The Lake is filled with many small fish: perch, bass, crappies, bluegills. Frogs abound on its margins, where deer, coyotes, skunks, raccoons, fishers, martens and a bobcat – almost certainly a bobcat – come to drink. Painted turtles sun themselves on its flat, bordering rocks. A grumpy heron sees the nameless lake as his exclusively, sharing its waters grudgingly with a mated pair of cormorants, an odd ménage à trois of mallards, a slovenly muskrat, a rather elegant otter and, from mid-October through early December, large, seemingly endless flotillas of transient Canada geese.

The Lake is a home.

The Lake has a beginning. For those who care to check, it began in our lifetime.

The lake near writer Anthony Jenkins’ home in Brockville, Ontario. Photography by Kathryn Hill captures the lake as the seasons change.

Before becoming a lake, it was an arid expanse of granite, sparsely garnished with topsoil, tough grasses, brush and small, struggling trees. For a few short and greedy decades, the granite was harshly quarried: surveyed, drilled, wedged, cut, jacked, hoisted, washed, weighed and transported elsewhere – occasionally for quite some distance – to become kitchen countertops, fireplace surrounds, mantels and cladding on impressive buildings.

Water from deep in the earth – from five natural springs, it is said – ended the quarrying. Water filled the big slab-sided hole. Cold and clear, the water, over time, nurtured gardens of vegetation beneath and around the lake it would become. Water sometimes overflowed the quarry’s banks, licking at the mounds of the abandoned granite mine’s broken leavings, and moistening the soil, the grasses, and then small trees that accumulated there. Those coniferous and deciduous trees, now grown to maturity, deeply shade and reflect on the surface of what the former quarry has become. A lake. A nameless lake.

Birds nest in many of those trees. Small raptors occasionally perch in the trees’ undulating upper branches, resting, watching, waiting for unwary fish of sufficient size. Fish were surely introduced into The Lake, but when and by whom is uncertain or unknown.

The lake blooms with life every summer.

It is difficult to say, but The Lake may be at its most beautiful in summer, its waters warm and its surroundings green. Birdsong carries over it. In summer, the reeds, cattails and water lilies at its margins burgeon and are in full flower. Fish take insects in the shadows of its overhanging trees. The resident cormorant couple dive for fish, alternately and for extended periods, but always surface near their partner. They are bonded after spring meeting and mating.

An osprey, its oversized, sloppy nest housing a brace of ungainly grey chicks, hovers effortlessly over The Lake, swooping down from time to time to seize fish. The appetites of its growing family seem boundless.

The Lake begs for awe in summer. And fishing. And a swim.

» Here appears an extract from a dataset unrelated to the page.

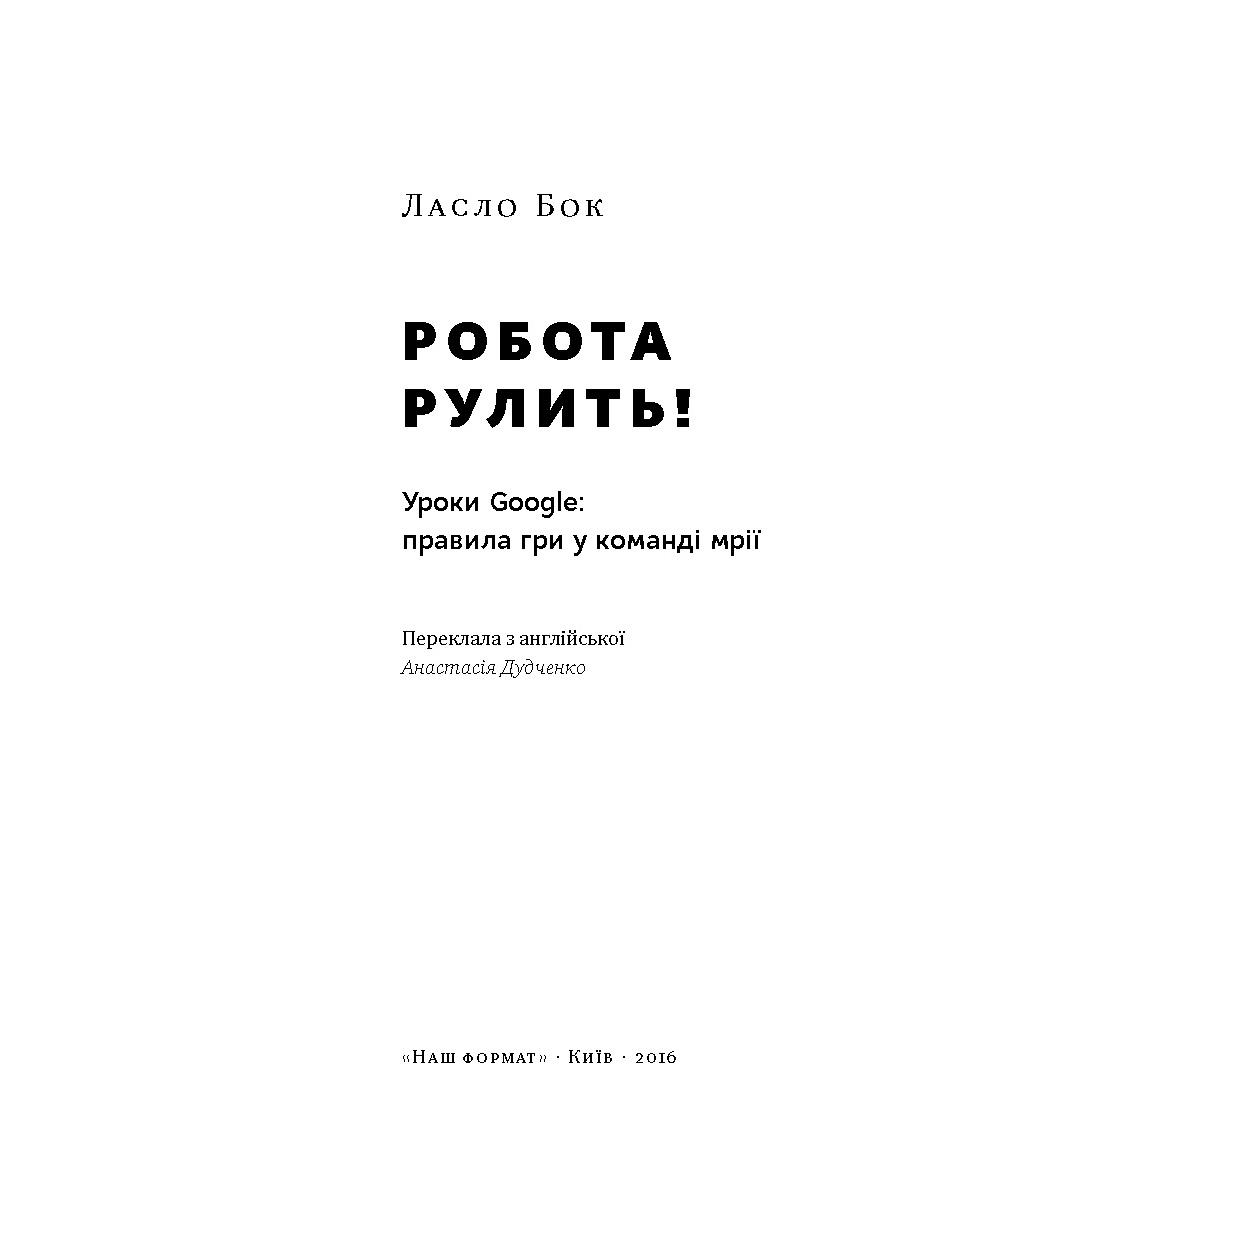 063_bock-laszlo_robota-rulyt_

Fall, of course, brings crisp air and colour to, and around, The Lake. And it brings geese.

The geese, a great many Canada geese, arrive as Thanksgiving comes and goes, and the trees turn colour, then lose their leaves. The geese arrive en route to somewhere else. They tarry on The Lake’s surface to rest before continuing their annual journey south.

Autumn’s rich hues captured in the lake’s reflection.

The Lake is not far removed from another lake, a very big one with a well-known name, which the geese must fly over, heading south. The Lake is a very good place to rest beforehand.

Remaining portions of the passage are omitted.